TRY IT
Please output the listing that follows exactly, but keep all images out.

PROVIDED MATERIAL
------------
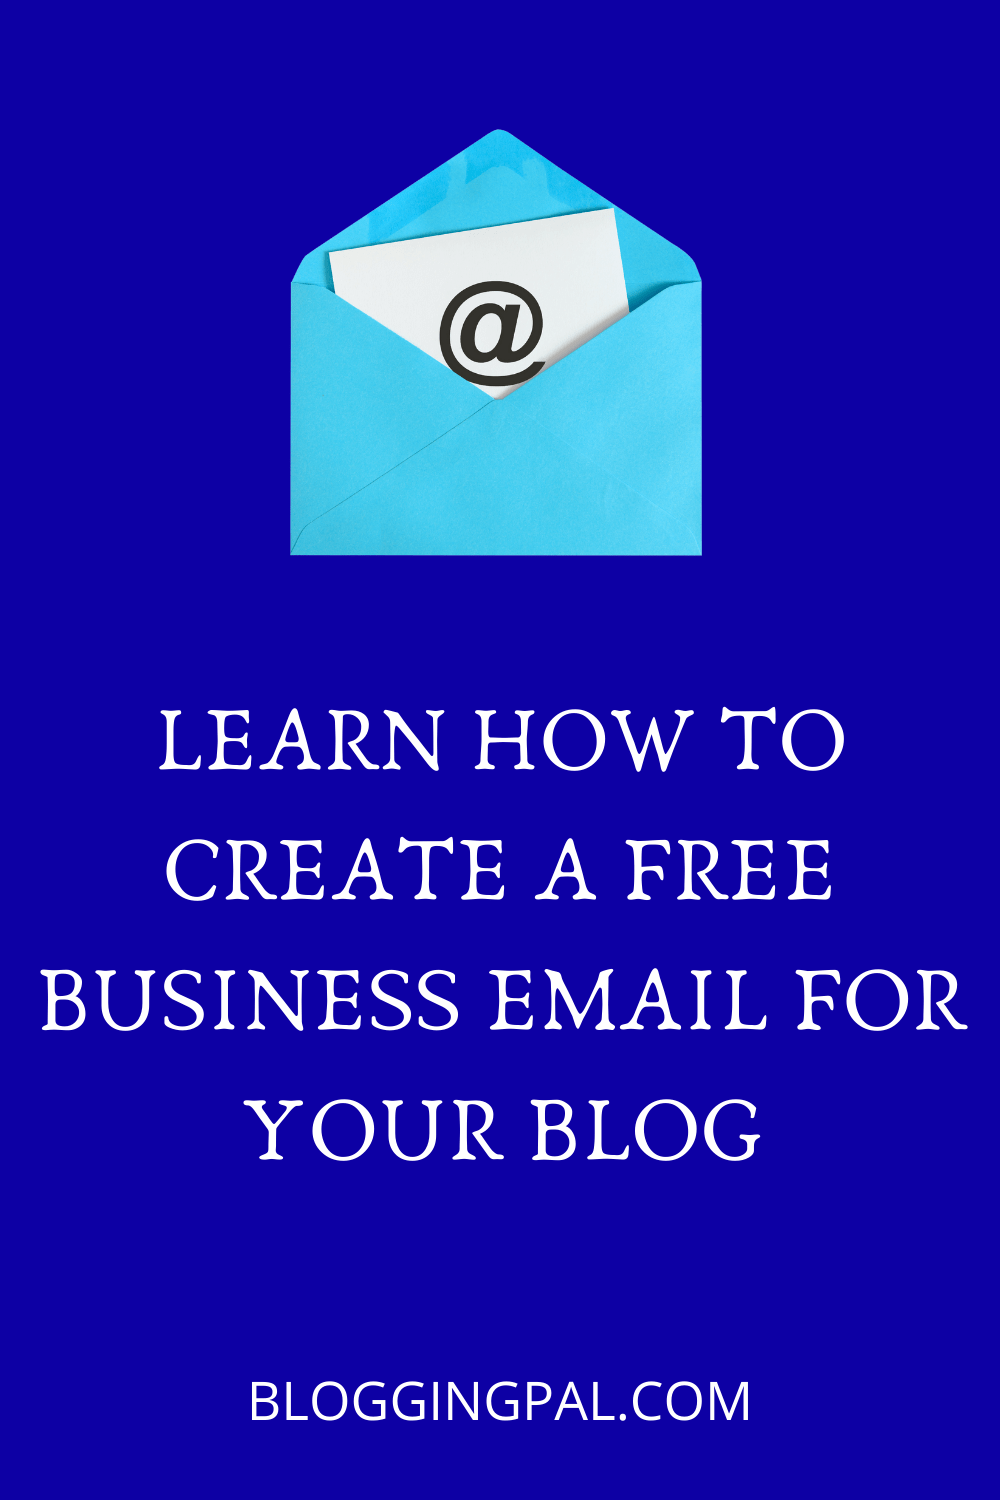 How To Create a FREE Business Email
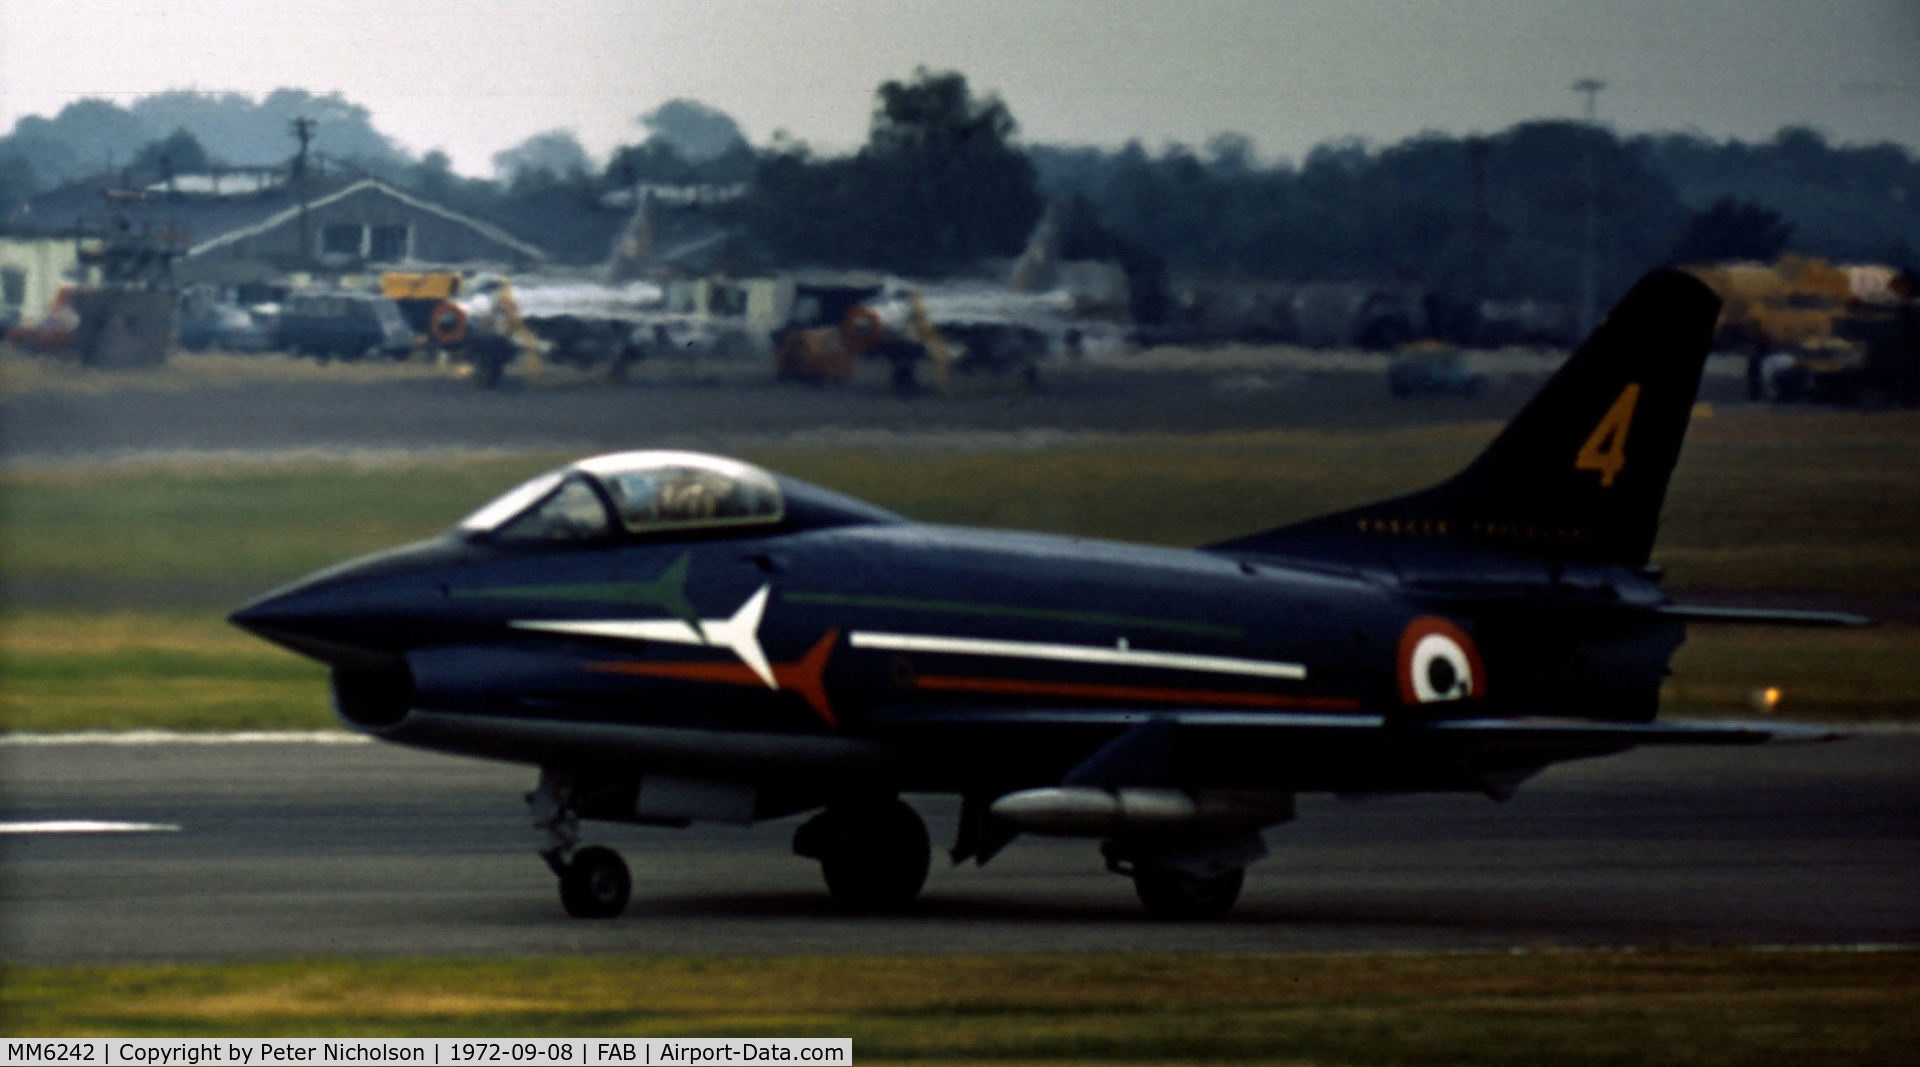 MM6242, Fiat G-91PAN C/N 8, Fiat G-91PAN number 4 of the Italian Air Force's Frecce Tricolori flight demonstration team in action at the 1972 Farnborough Airshow.
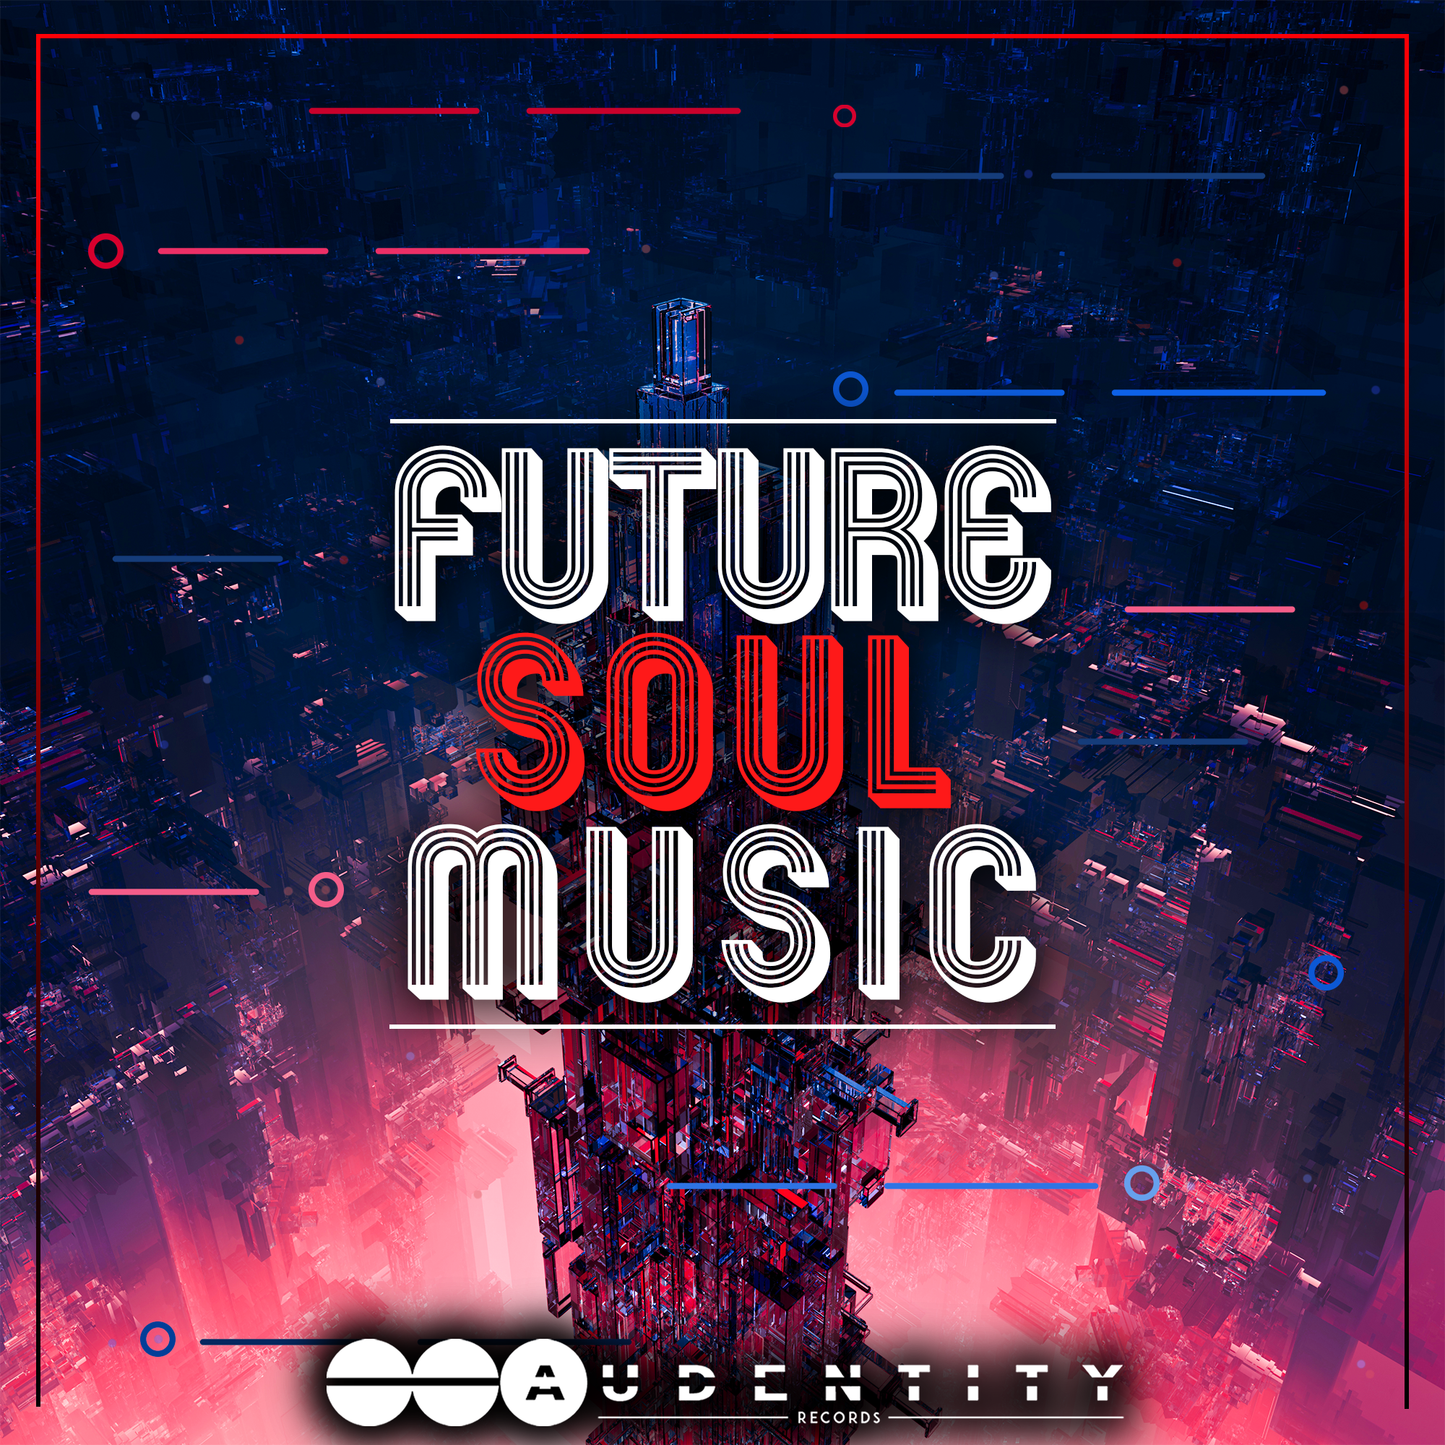 Download Future Soul Music, a huge sounding samplepack by Audentity Records
------------
WRITTEN SOLUTION
 How To Create a FREE Business Email
 MM6242, Fiat G-91PAN C/N 8, Fiat G-91PAN number 4 of the Italian Air Force's Frecce Tricolori flight demonstration team in action at the 1972 Farnborough Airshow.
 Download Future Soul Music, a huge sounding samplepack by Audentity Records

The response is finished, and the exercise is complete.